Protofilament number mismatch between the seed and growth conditions affects microtubule dynamics. (A) A scheme illustrating microtubule growth from seeds in the presence of MSAs with the same or different protofilament number preference. MSA-binding zones are shown in green. (B, Left) A cartoon depicting kymographs corresponding to three types of microtubule dynamics observed in different conditions. Microtubule dynamics is defined as SRS dynamics if a microtubule regrows at least three times from the same site after undergoing catastrophes. A random rescue is a single rescue event after a depolymerization episode that is longer than 0.5 μm. Asterisks highlight catastrophe events in each condition. (B, Right) Quantification of microtubule dynamics observed in the indicated conditions; n = 75 microtubule seeds in all conditions; n = 3 independent experiments. (C and D) Representative kymographs showing microtubule dynamics in the indicated conditions. In matching conditions, short growth perturbation events followed by rapid rescues are highlighted (white asterisks highlight split comets and yellow asterisks highlight depolymerization events with length 0.2 to 0.5 μm).

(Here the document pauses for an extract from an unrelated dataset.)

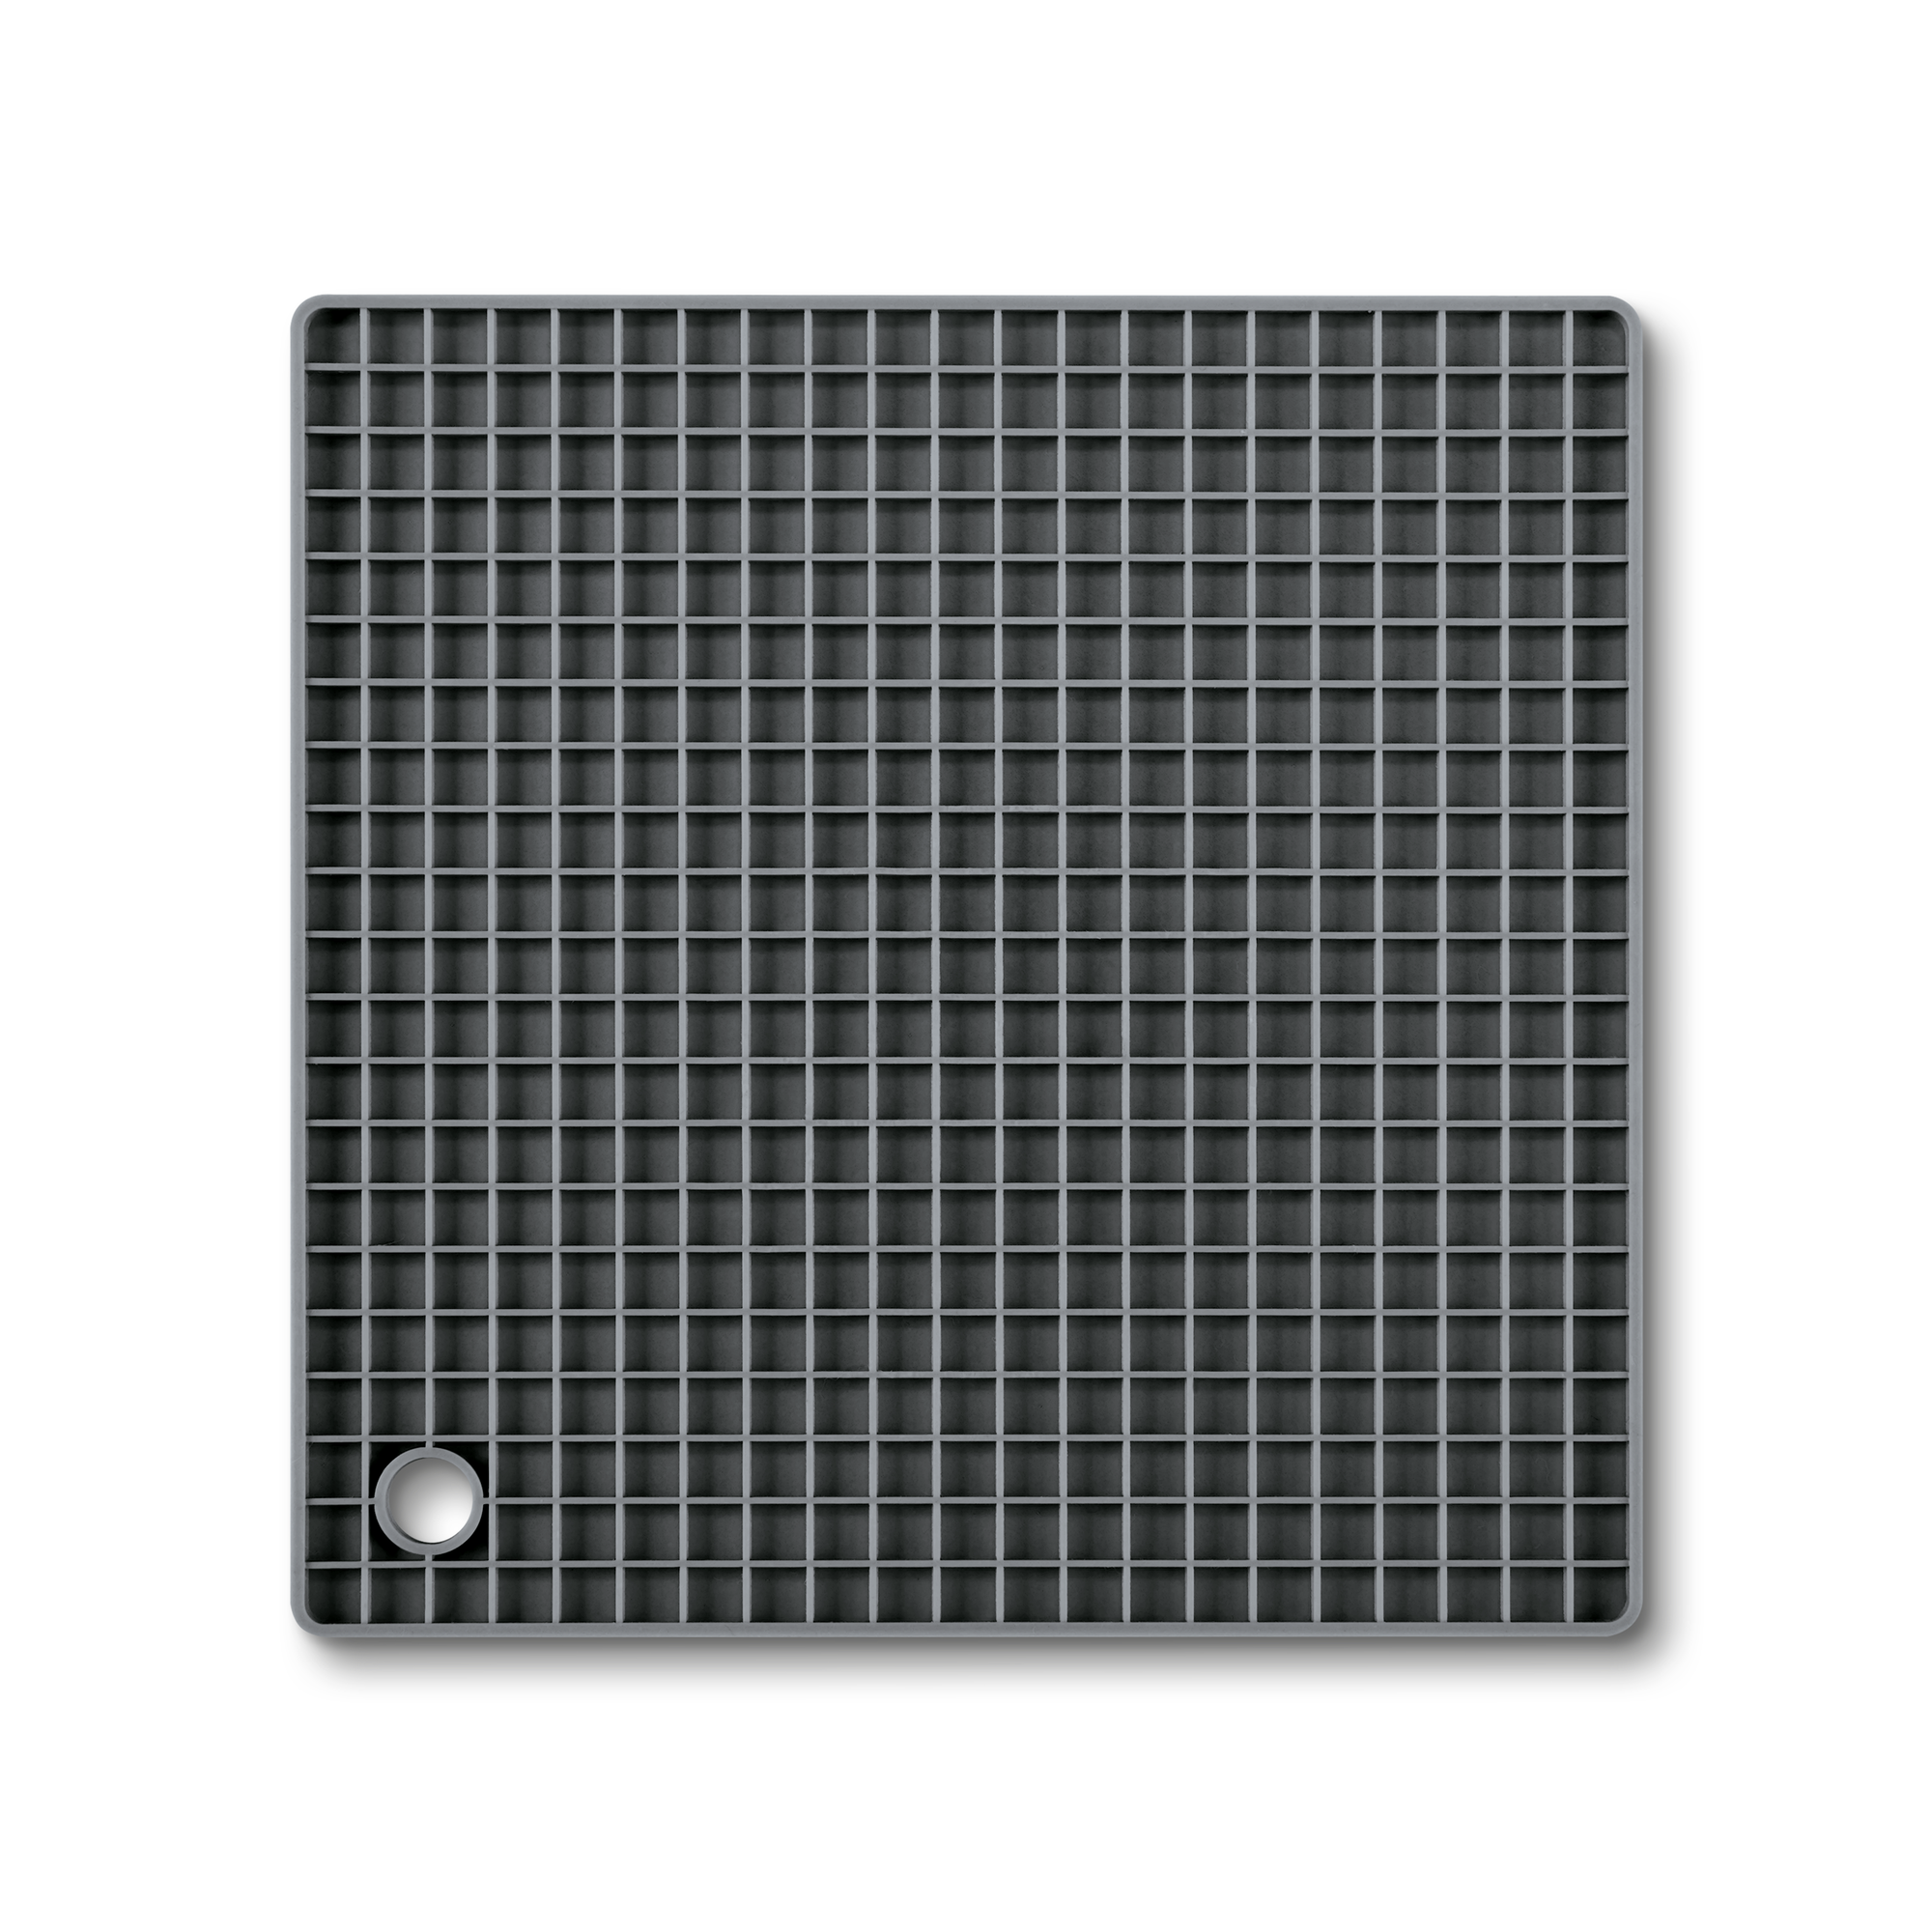 3/4 view, gray silicone trivet showing grid pattern and hanging hole.

Stable rescue sites in mismatching conditions are highlighted by white stippled lines. A white arrow highlights a long depolymerization event (>0.5 μm); n = 3 independent experiments.

Importantly, microtubules grown in the presence of the same MSA showed very different dynamics depending on the seeds used. For example, microtubules grown in the presence of 100 nM Taxol displayed semiprocessive growth when extending from Taxol-stabilized seeds (13pf) but SRS dynamics or random rescues when grown from GMPCPP-stabilized (14pf) or Fchitax-3–stabilized (15/16pf) seeds (Fig. 2 B–D and SI Appendix, Fig. S3). In contrast, in the presence of docetaxel, microtubules grew semiprocessively from GMPCPP or docetaxel-stabilized (14pf) seeds but showed SRS dynamics or random rescues when grown from Taxol- or Fchitax-3–stabilized seeds (Fig. 2 B–D and SI Appendix, Fig. S3). Similar results were also obtained when microtubules were grown without mCherry-EB3, although the absence of a plus-end marker made the detection of short depolymerization events less reliable (SI Appendix, Fig. S5). For subsequent analyses, we therefore focused on the data obtained with MSA concentrations of 100 nM in the presence of 20 nM mCherry-EB3. Together, these results demonstrate that the (mis)match between the protofilament number of the seed and the number preferred by the MSA present during elongation has a strong effect on microtubule growth dynamics, even when the microtubule tip is far away from the seed.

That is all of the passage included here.